=== Section Start ===
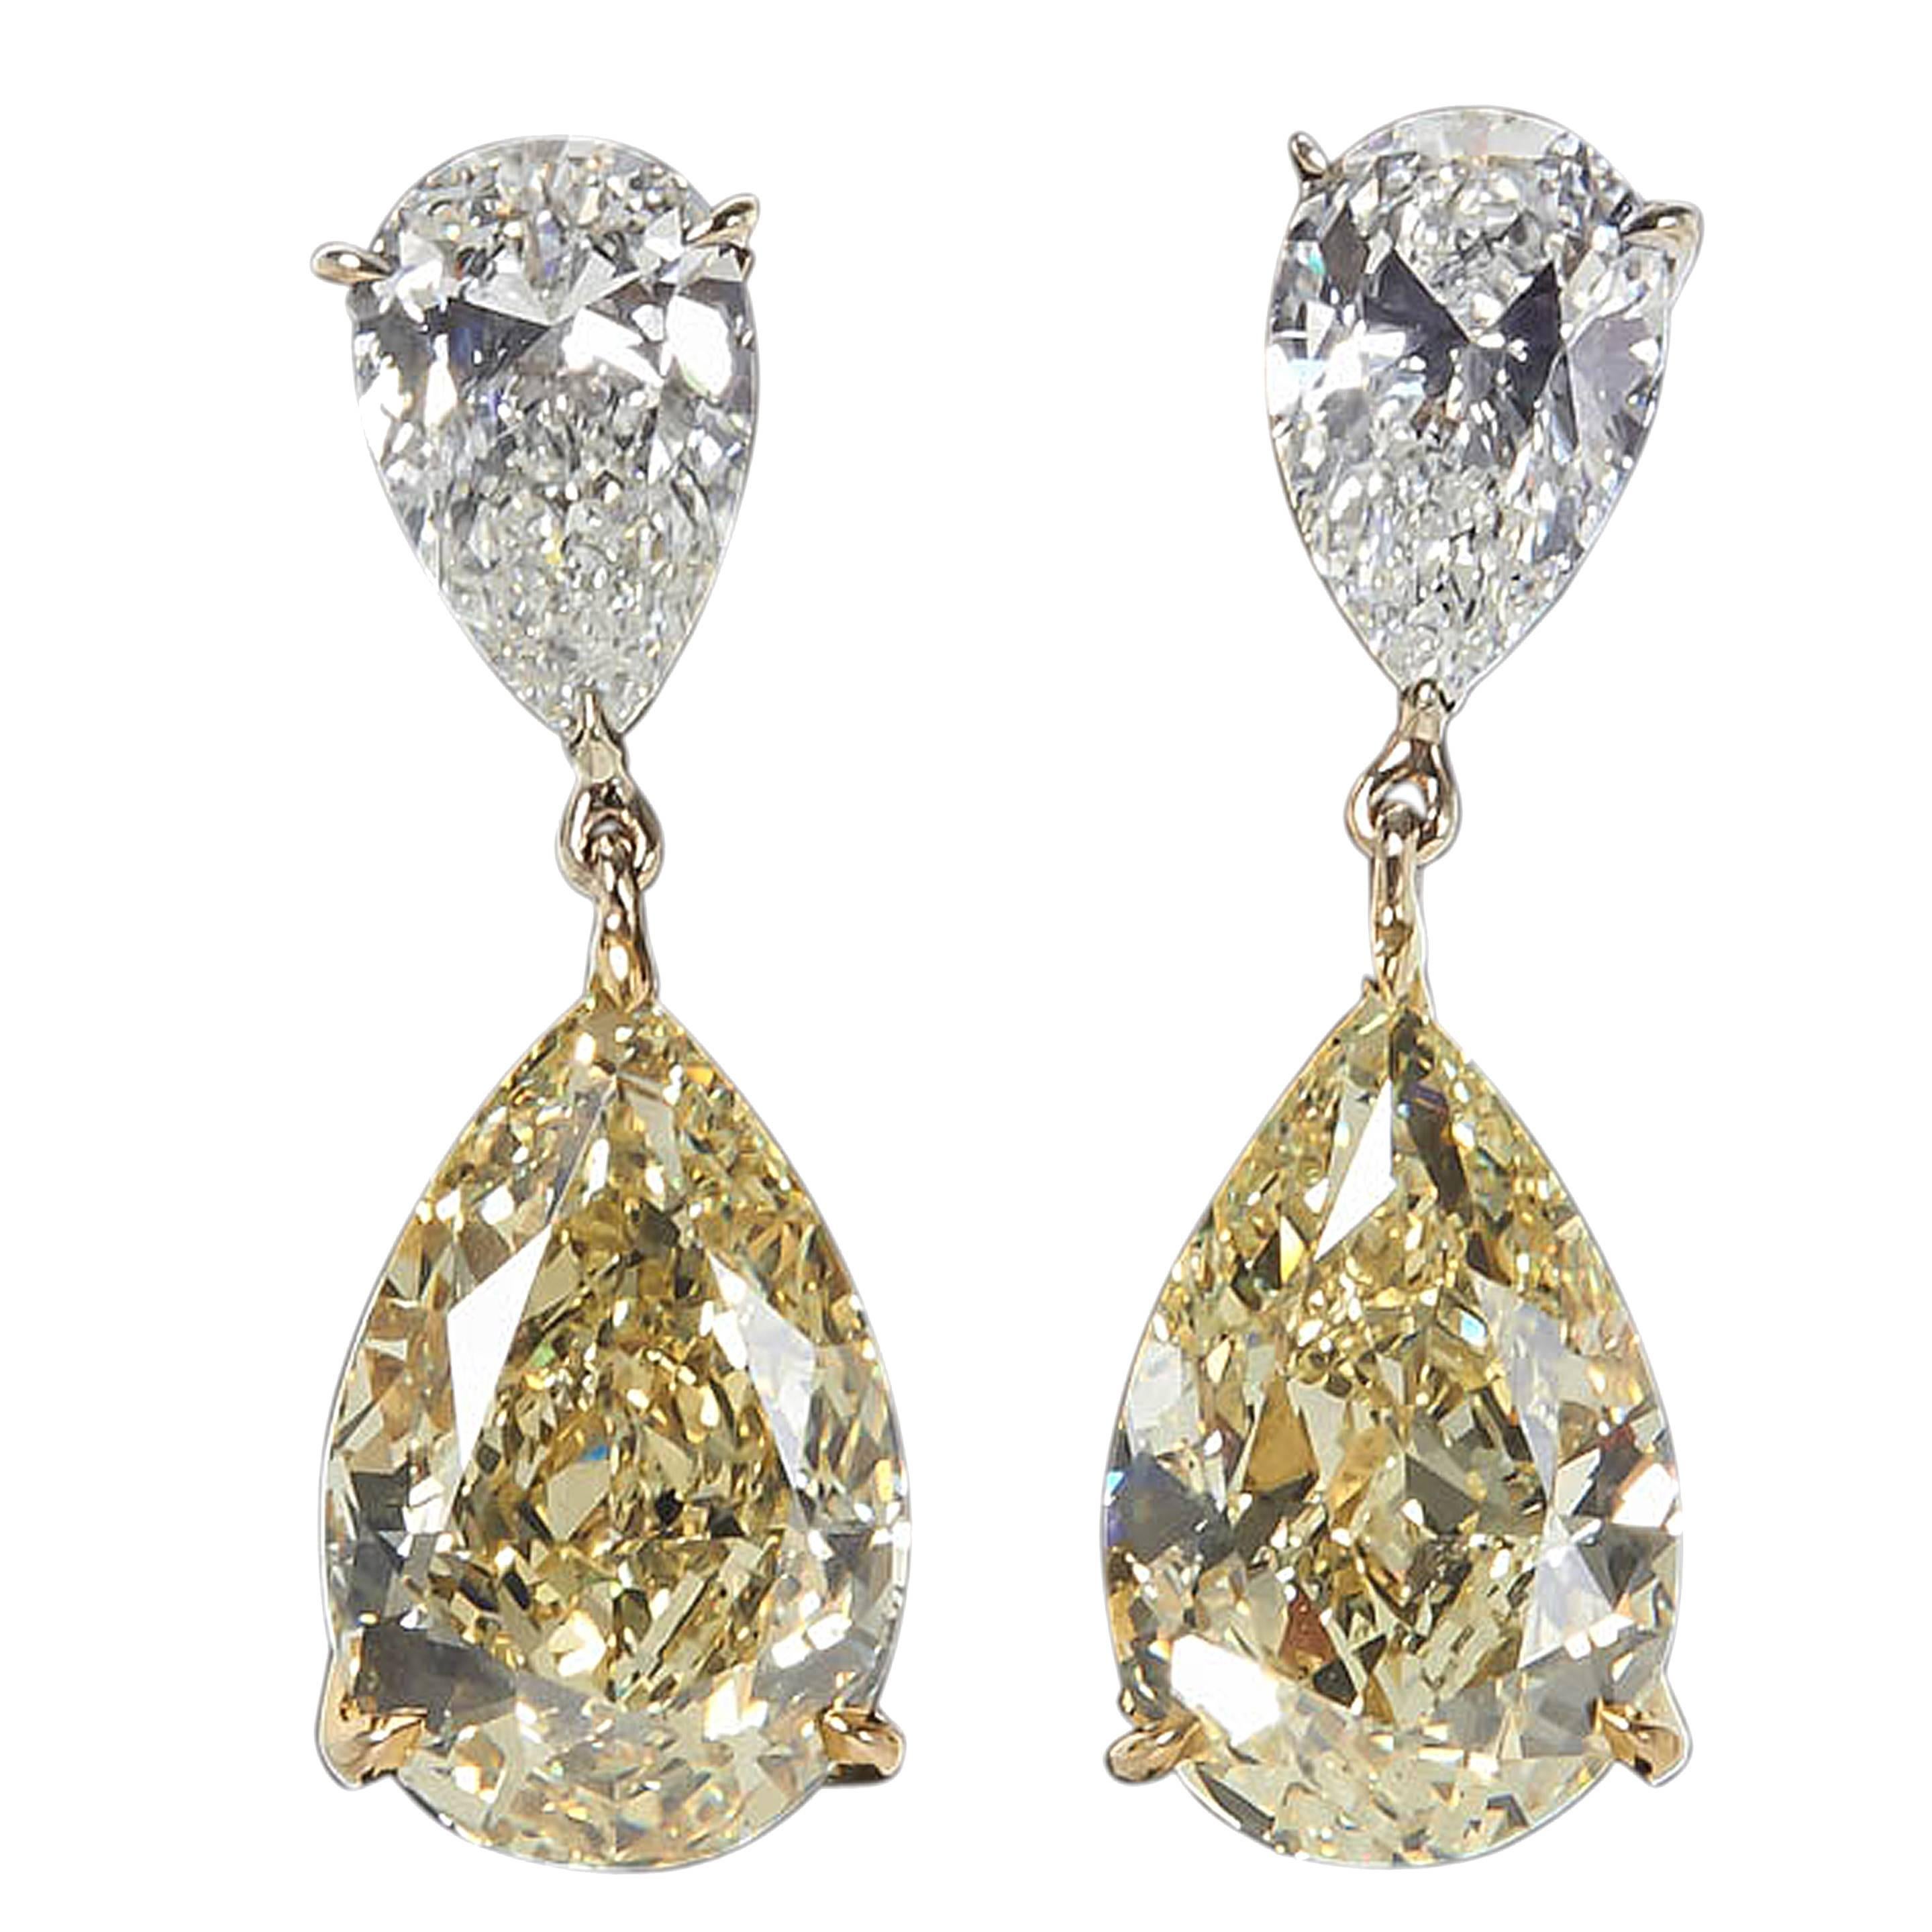 Important 14 carats GIA Cert White and Fancy Yellow Diamonds Earrings
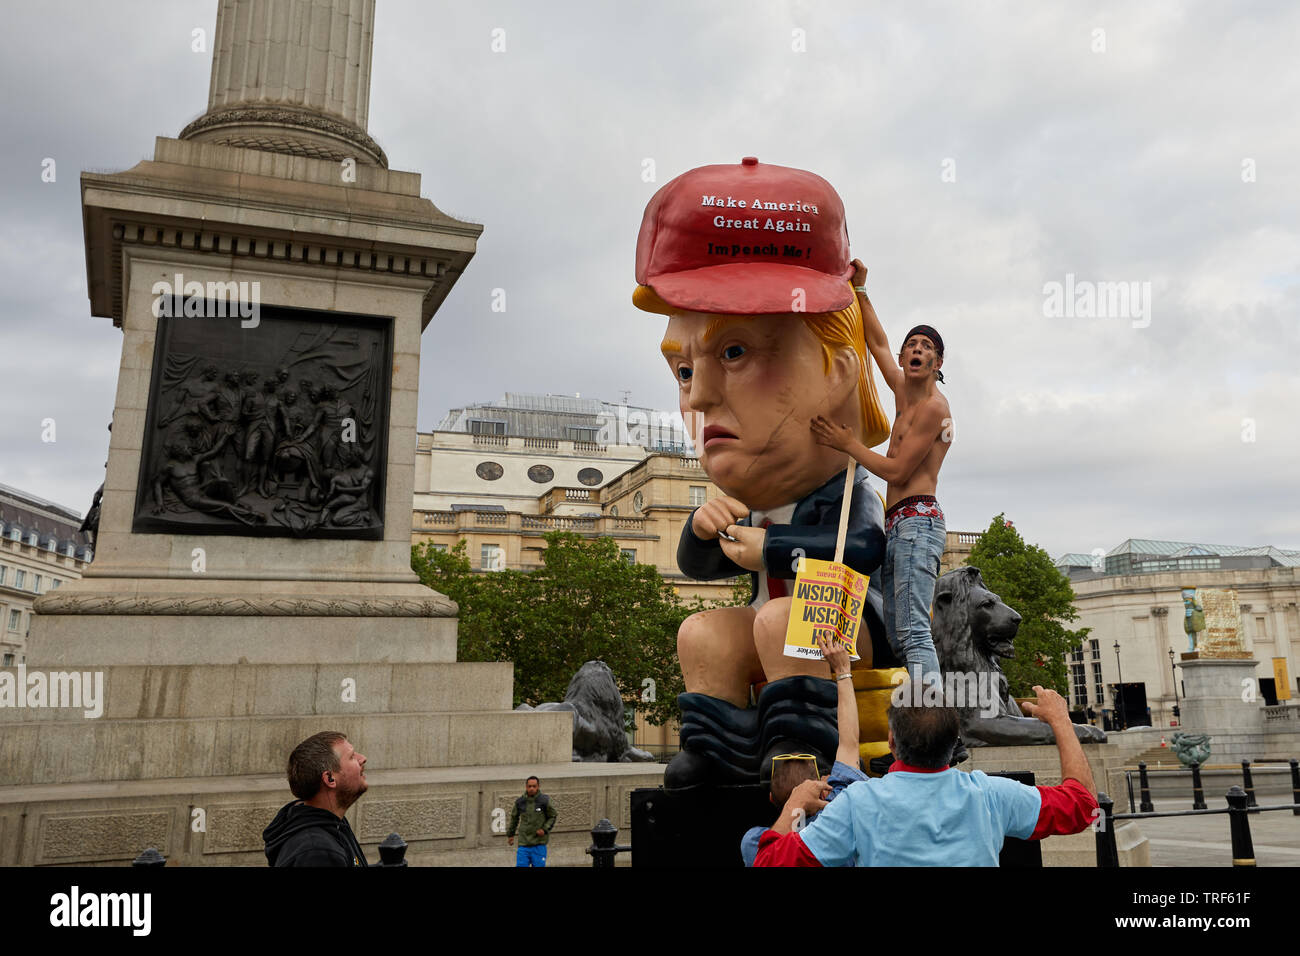 London, UK. - 4 June 2019: A large figure mocking US President Trump being moved into position on a day of protests against his visit. Stock Photo
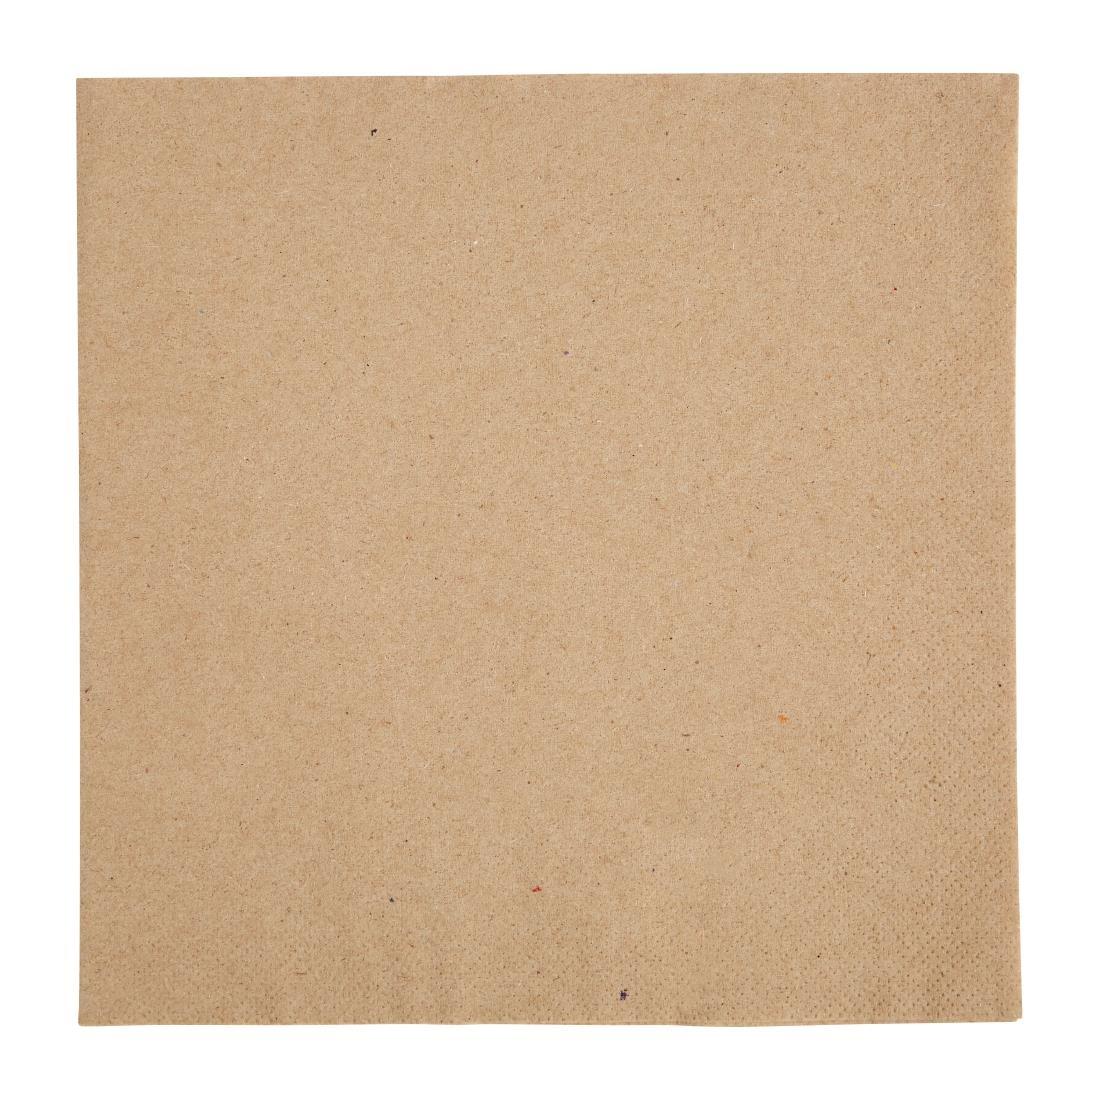 Fiesta Recyclable Recycled Dinner Napkin Kraft 40x40cm 2ply 1/4 Fold (Pack of 2000) - FE242  - 1
=== Section End ===
Exclude every picture, then reproduce the remaining data character for character.

 Important 14 carats GIA Cert White and Fancy Yellow Diamonds Earrings
 London, UK. - 4 June 2019: A large figure mocking US President Trump being moved into position on a day of protests against his visit. Stock Photo
 Fiesta Recyclable Recycled Dinner Napkin Kraft 40x40cm 2ply 1/4 Fold (Pack of 2000) - FE242  - 1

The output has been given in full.